──────── Dataset excerpt

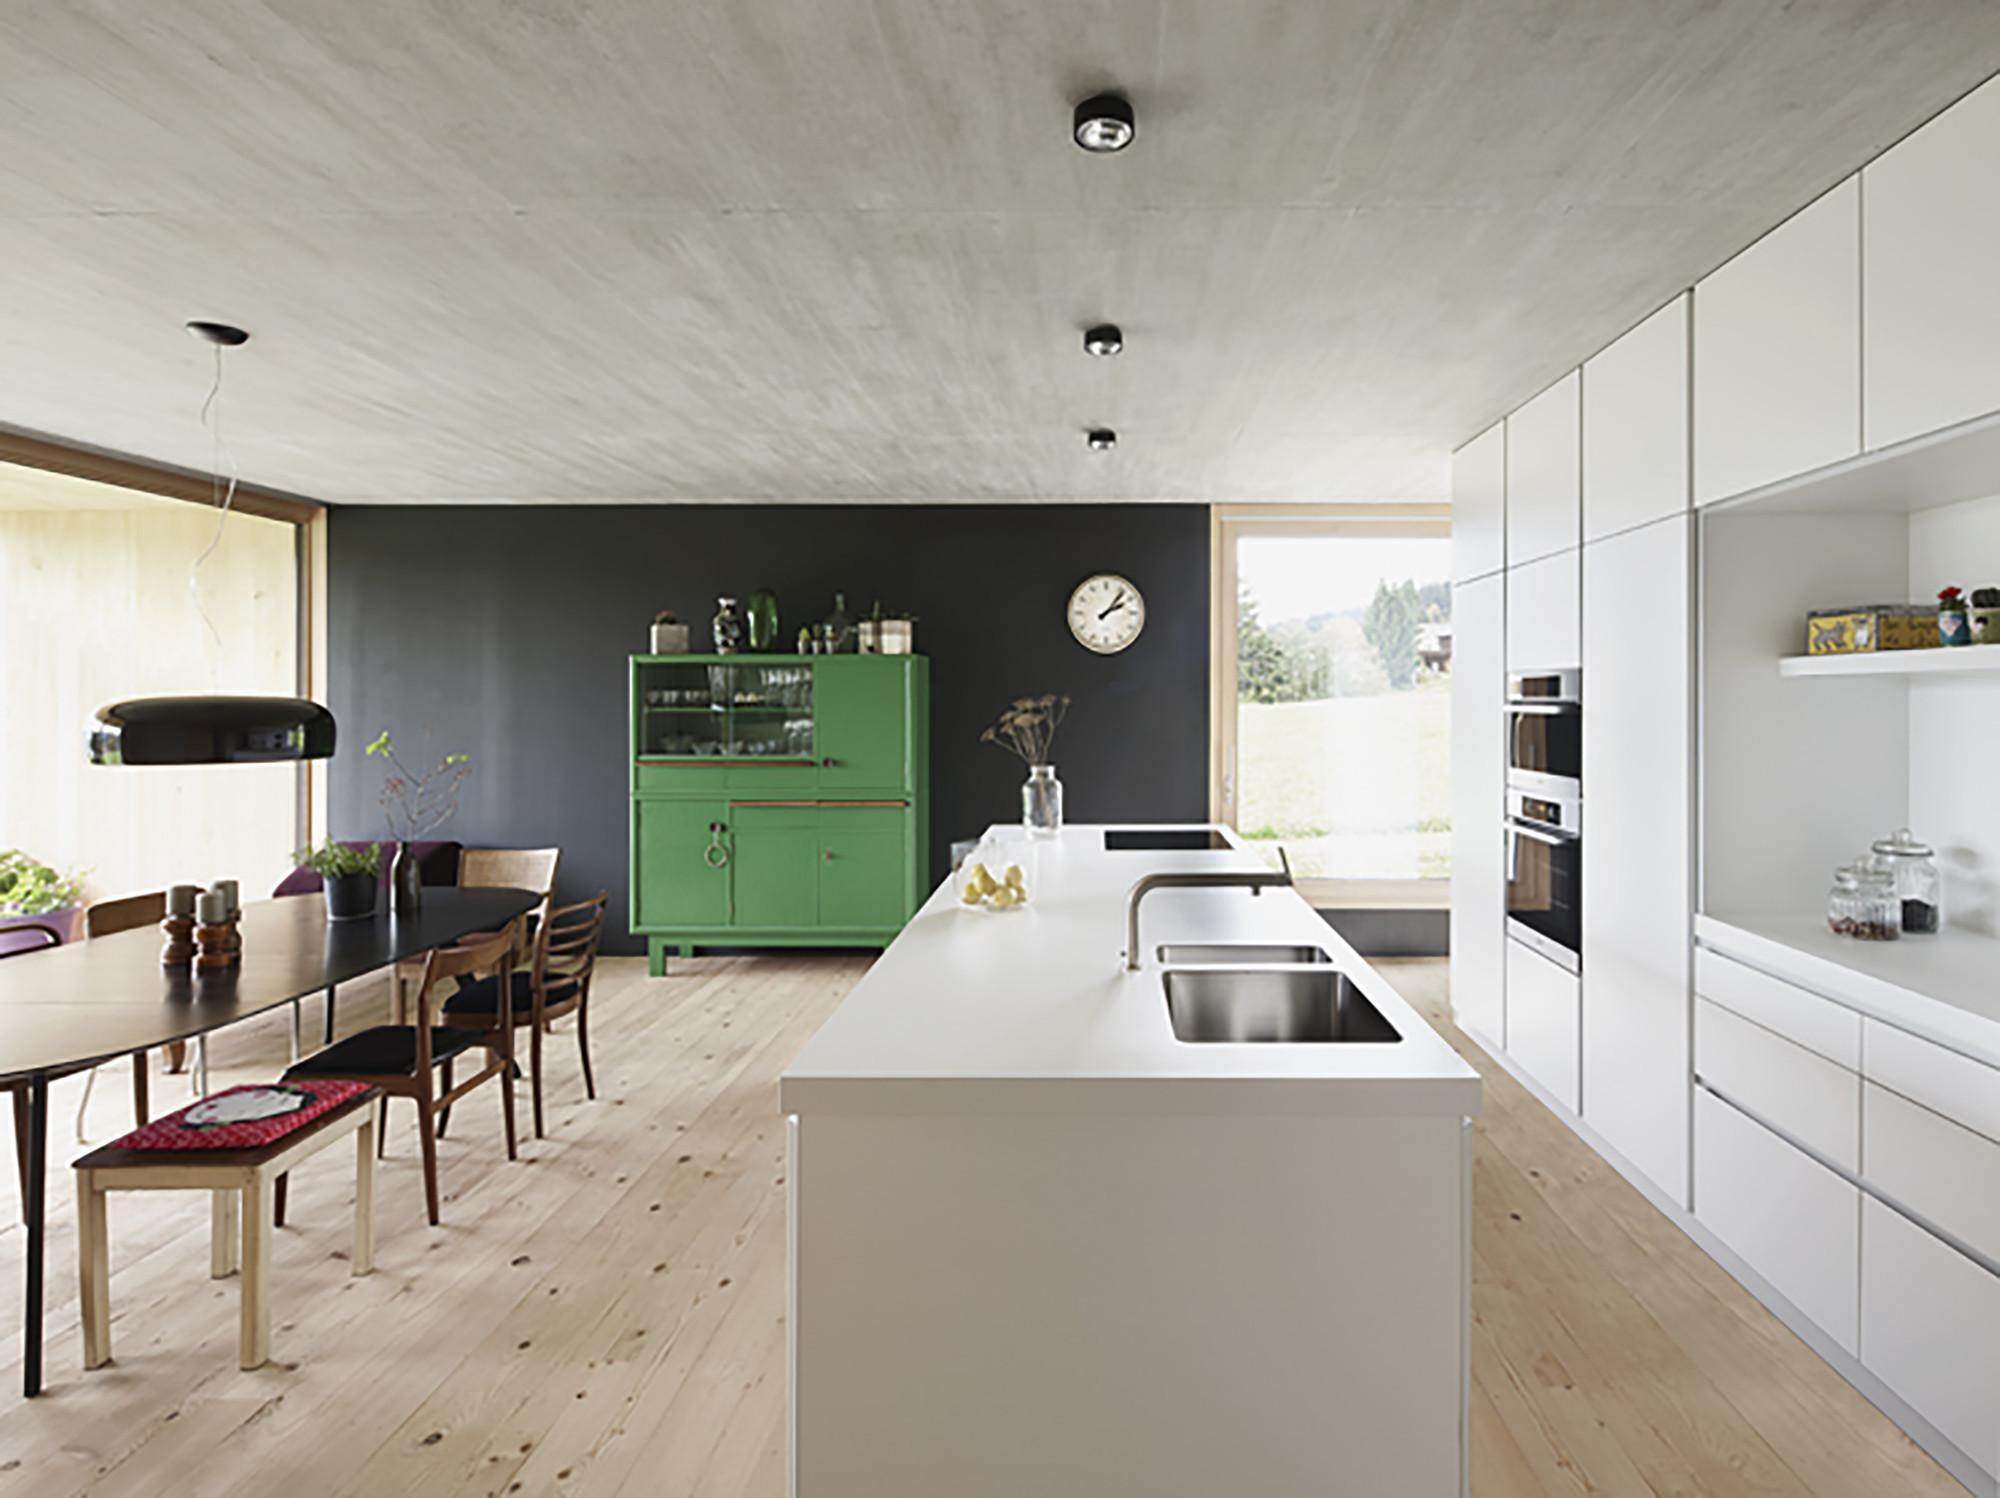 haus kaltschmieden bernardo bader architects archdaily. Black Bedroom Furniture Sets. Home Design Ideas
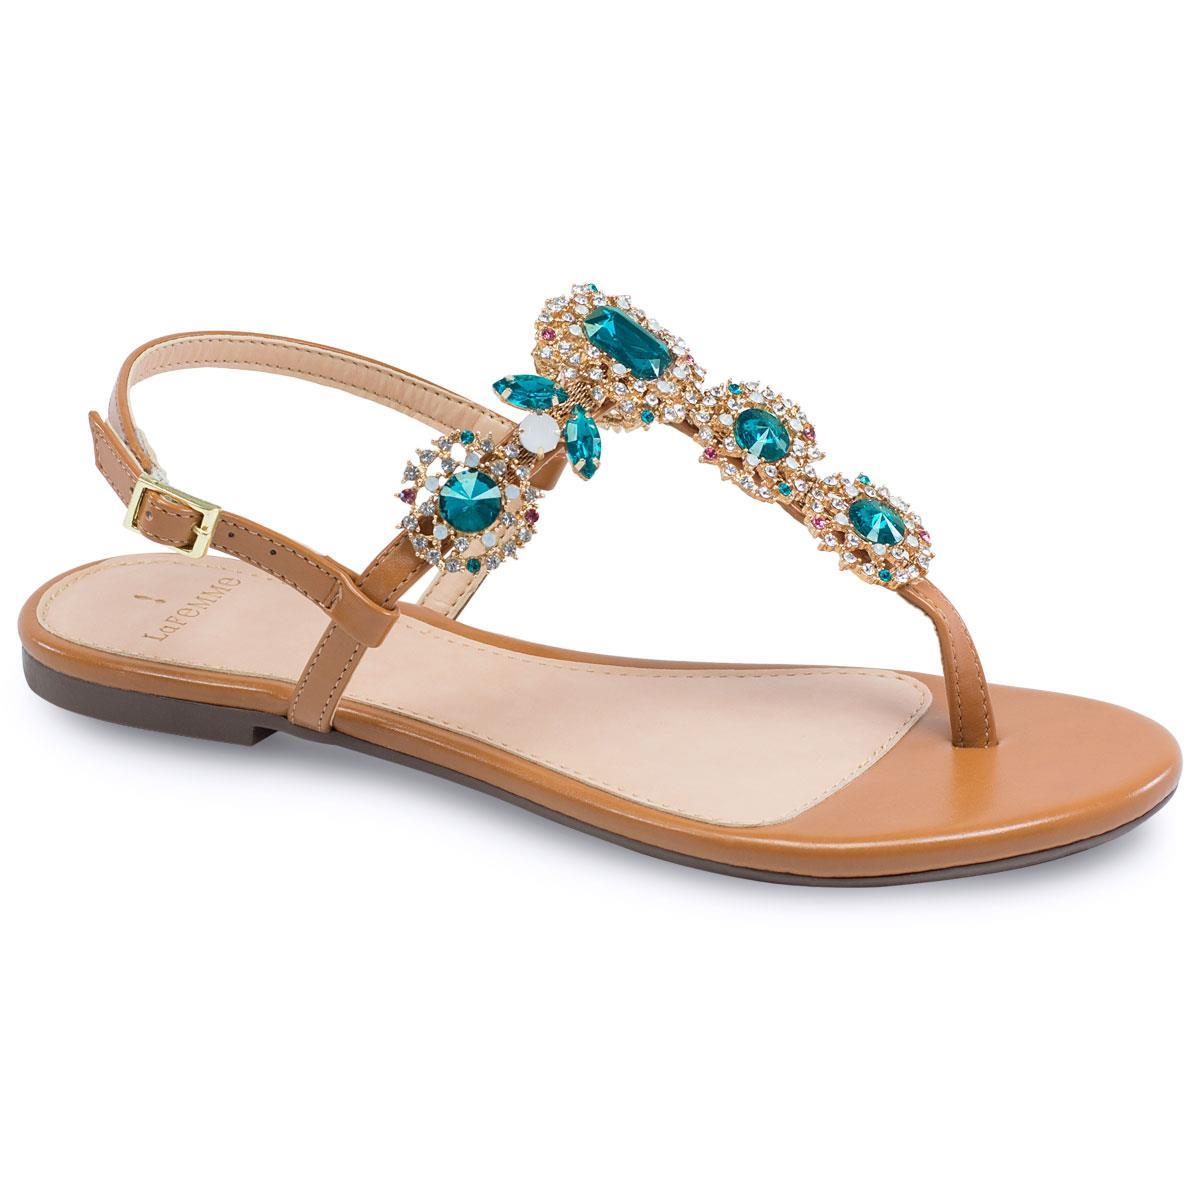 d36e82a03 Sandália Flat La Femme Pedra Azul Caramelo
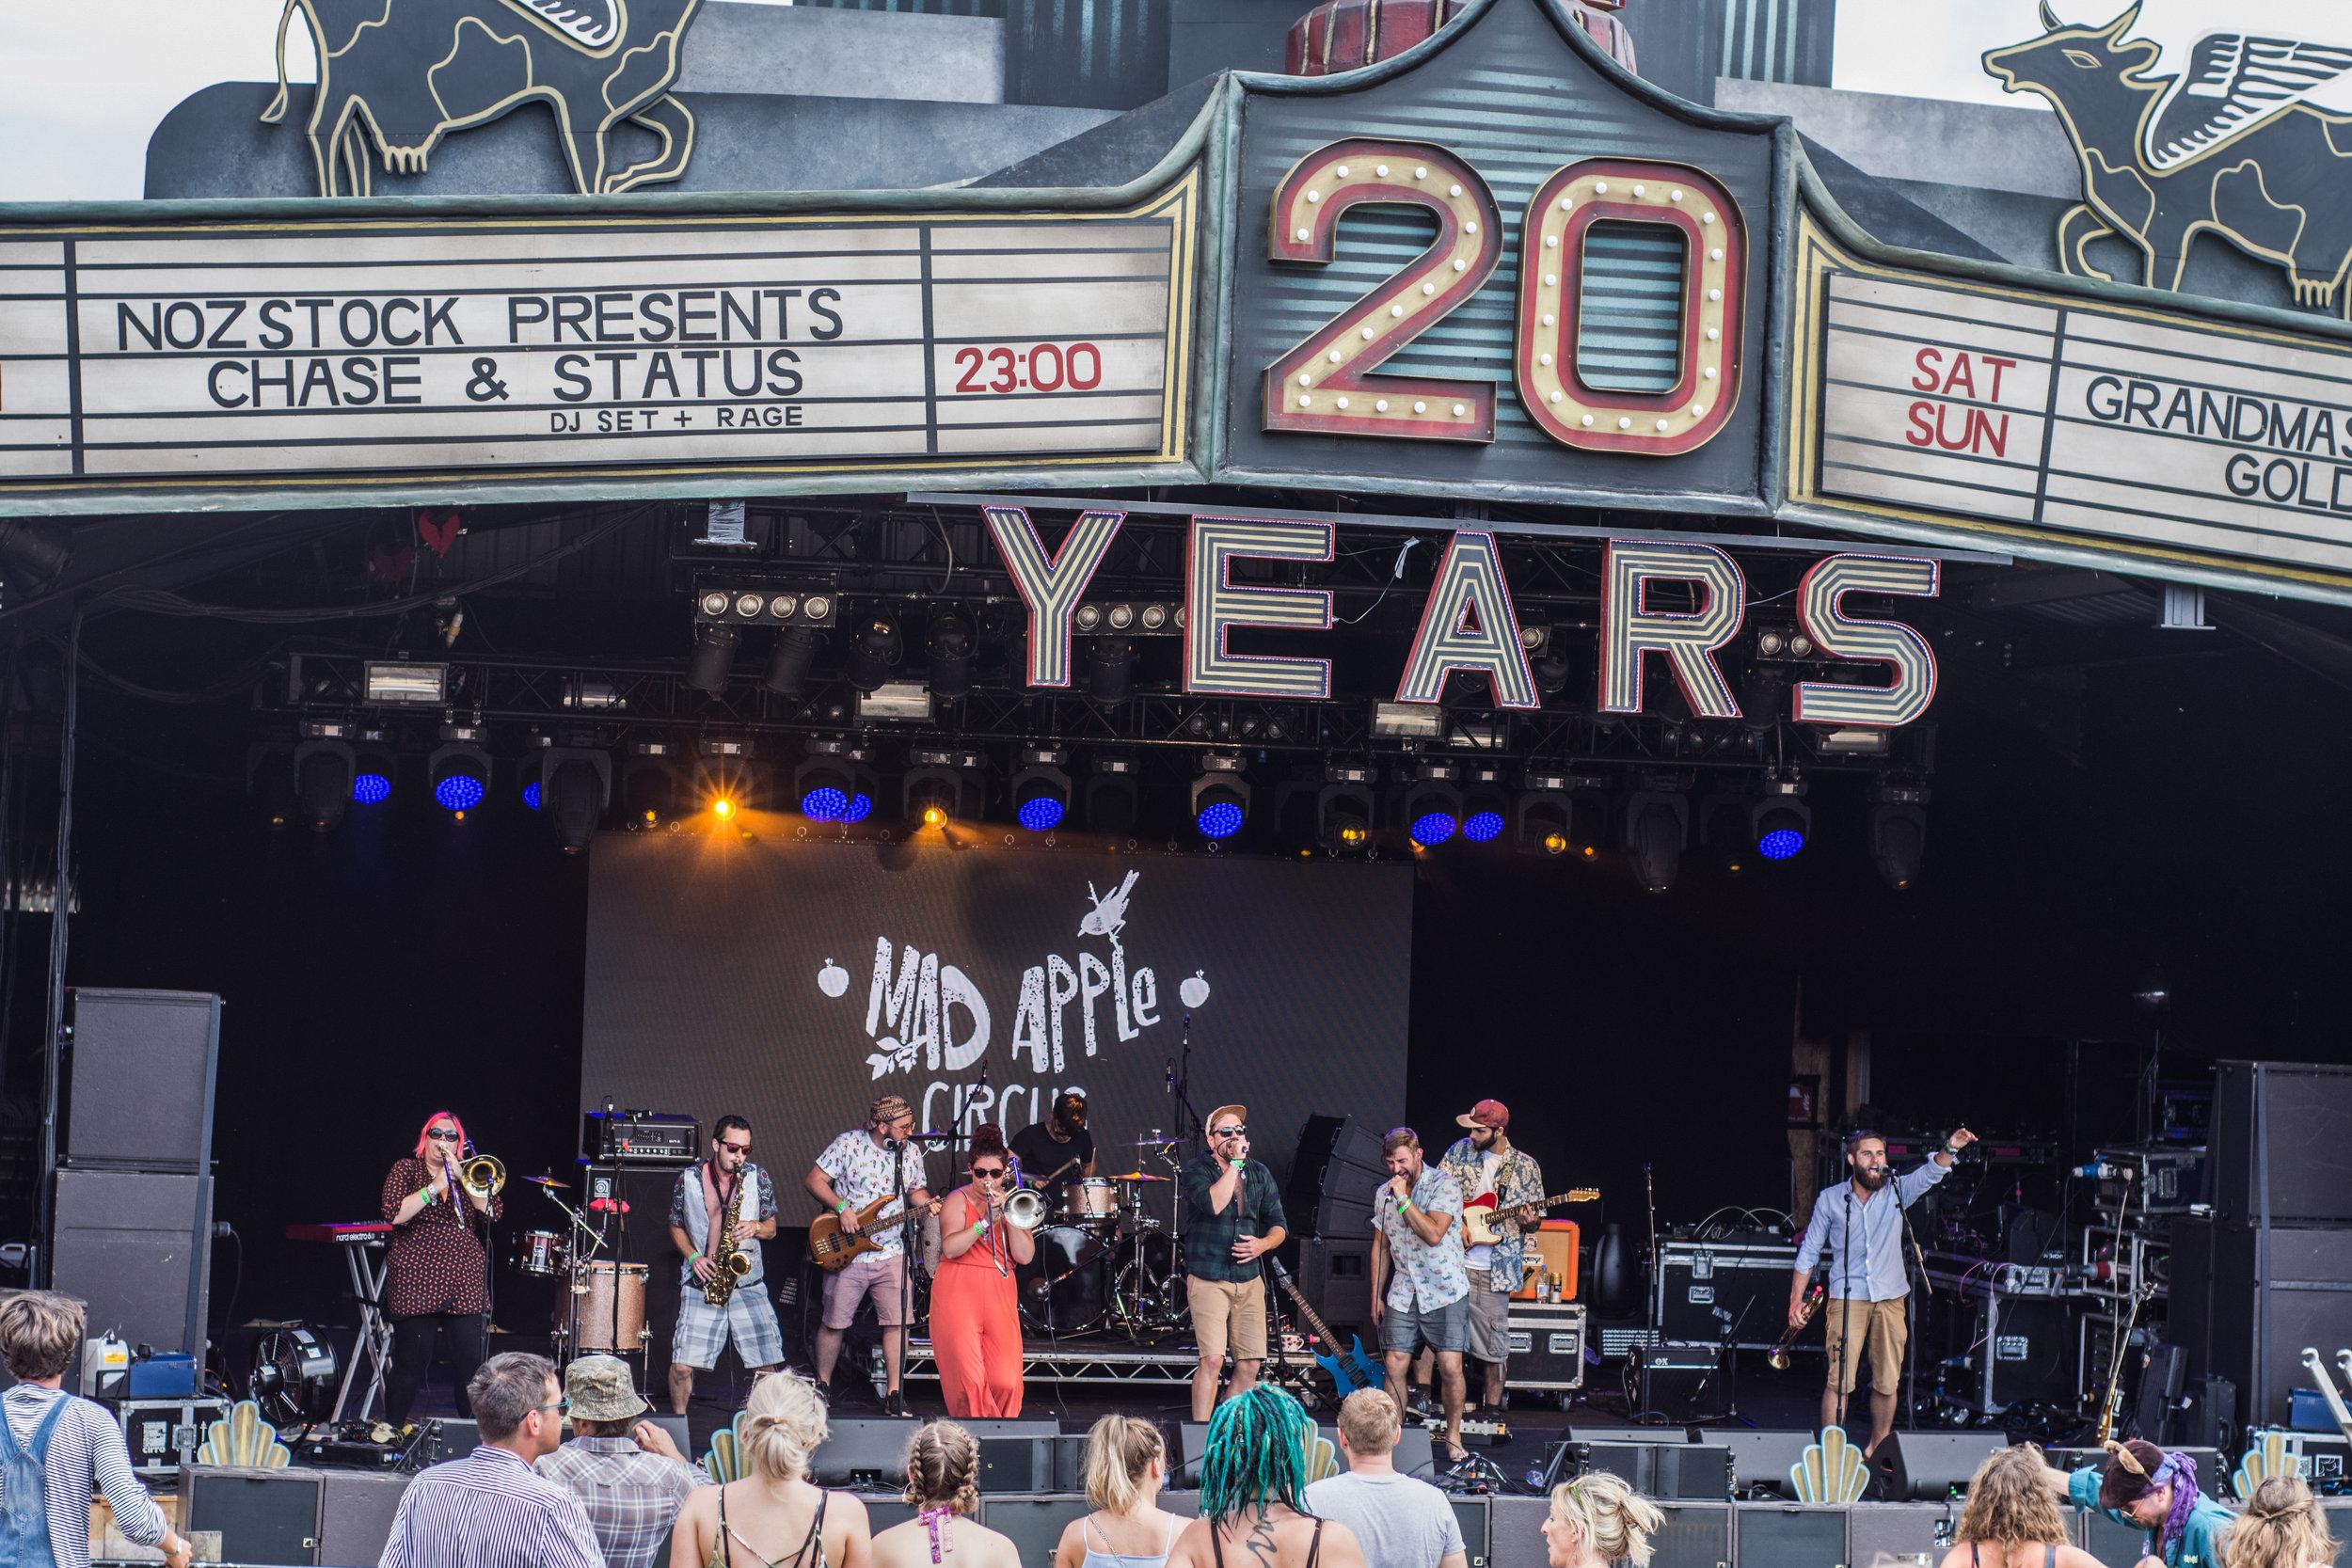 Orchard Stage: Nozstock 2018

────────────────

Required action: Copy the data exactly. Pictures do not belong in the copy.

Answer below:
 haus kaltschmieden bernardo bader architects archdaily. Black Bedroom Furniture Sets. Home Design Ideas
 d36e82a03 Sandália Flat La Femme Pedra Azul Caramelo
 Orchard Stage: Nozstock 2018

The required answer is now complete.